Subsequent findings, he said, suggest that Cav1 is necessary for the P-selectin-targeted particles to translocate across the blood brain barrier.

“P-selectin is needed for particles to bind to the endothelial cell, and Cav1 is needed for the transcytosis mechanism to occur,” Heller said. “This is potentially exciting for a therapeutic mechanism for getting drugs across the blood brain barrier, specifically in the sites of these tumors.”

Ligand-targeted therapies for cancer, autoimmune, and infectious diseases

Philip S. Low, PhD, Purdue University, discussed ongoing work in his lab focusing on the development of targeting ligands that have high affinity and high specificity for receptors that are uniquely or primarily expressed on different disease cell types, including cancer cells.
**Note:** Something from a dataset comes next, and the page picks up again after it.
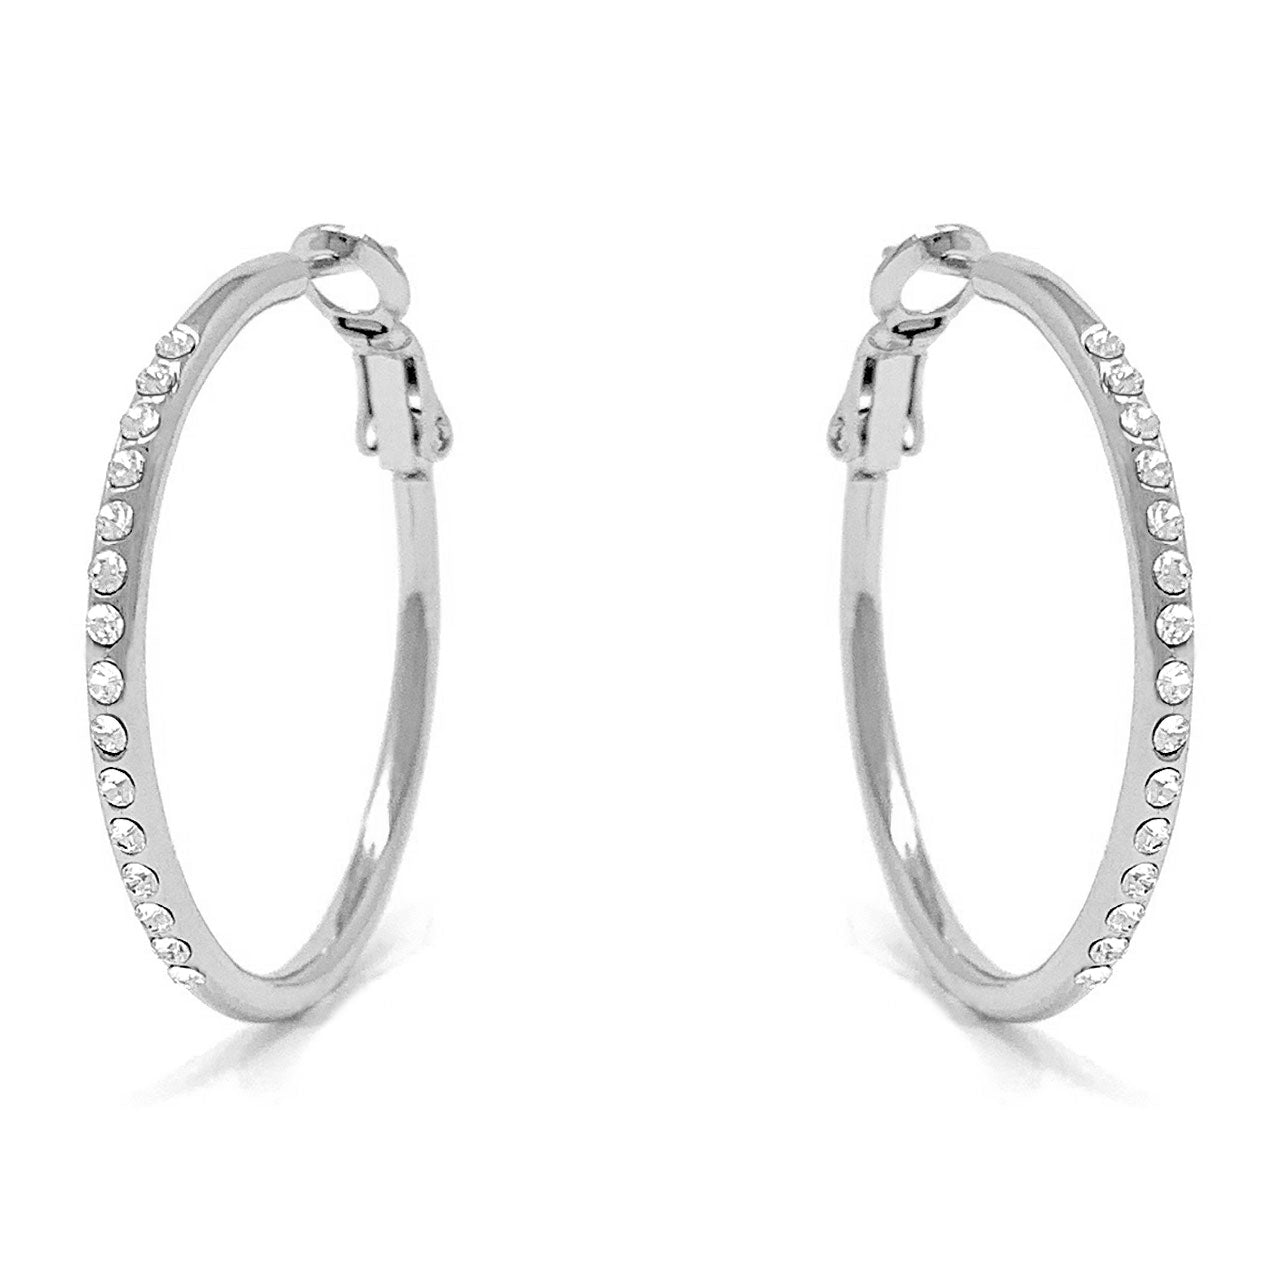 Amelia Small Pave Hoop Earrings with White Clear Round Crystals from Swarovski Silver Toned Rhodium Plated - Ed Heart

“Once we have a homing molecule that carries an attached cargo to the disease cell, and we often use therapeutic drugs or imaging modalities that have been developed by others, we try to make good drugs better,” Low said. “With this targeting ligand, we can increase the concentration in the diseased cancer cell while reducing significantly the uptake by healthy cells, thereby improving both the potency and the safety of the drug.”

He noted that they utilize extremely small ligands, which greatly enhances their ability to penetrate solid tumors .

“We have developed targeting ligands for all of the major immune cell types, and this allows us to deliver drugs into these immune cells that can turn on the immune system, turn off the immune system, proliferate these cells, suppress them, and differentiate them,” Low said. “It gives us the freedom to reprogram the immune system in any way we want.”

Antibody drug conjugates: Advances, challenges, and future

Puja Sapra, PhD, AstraZeneca, talked about recent and emerging advances in the use of antibody drug conjugates (ADCs) and their potential for improving efficacy and decreasing the toxicity of conventional chemotherapy.

“With nine approved ADCs in hematological and solid tumor malignancies, antibody drug conjugates are emerging as an important therapeutic modality for cancer care,” Sapra said. “It’s an active field, with more than 90 ADCs currently in clinical trials.”

In order to develop successful therapeutics, multiple components of the ADC molecule have to align, Sapra said, noting that a number of recent ADCs have delivered durable and deep responses.

“These kinds of responses give the field the hope of enriching the future, where ADCs could replace standard of care,” Sapra said. “Beyond cytotoxics, antibody-mediated delivery will be employed in the future to deliver agents, including immunomodulators, radionuclides, oligonucleotides, and targeted therapies.”

Vaccine-boosting CAR T cells through the chimeric antigen receptor

Darrell J. Irvine, PhD, Koch Institute for Integrative Cancer Research at MIT, discussed ongoing work in which he and his colleagues are looking to develop a vaccine-boosting strategy for CAR T cells and studying the impact on antitumor immunity from this treatment approach.

“CAR T cells, when expanded to large numbers, ex vivo and infused into the patient, have been shown to elicit dramatic responses in leukemias and lymphomas,” Irvine said. “But the application of CAR-T cell therapy to more prevalent solid tumors has been met with much more challenging outcomes. So, there is great interest in devising ways to enhance CAR T-cell therapy in the solid tumor setting.”

The investigators sought to determine if CAR T-cell treatment in the solid tumor setting could be enhanced by vaccine-boosting CAR T cells directly through their chimeric antigen receptor in the native lymphoid tissue environment in vivo.

“These vaccine-boosting CAR T-cells then traffic to the tumor site, where they induce robust antigen spreading as well as the release of new tumor antigens that are presented by dendritic cells in the tumor-draining lymph node to new T-cell cohorts that are targeting additional epitopes through natural antigen presentation,” Irvine said. “It’s this combination of synthetic and natural antigen presentation that is leading to the impressive tumor rejection we see for the vaccine-boosted treatment. We’re quite excited about the prospects of this simple vaccine boosting strategy to significantly enhance the activity of CAR T-cell therapy against solid tumors.”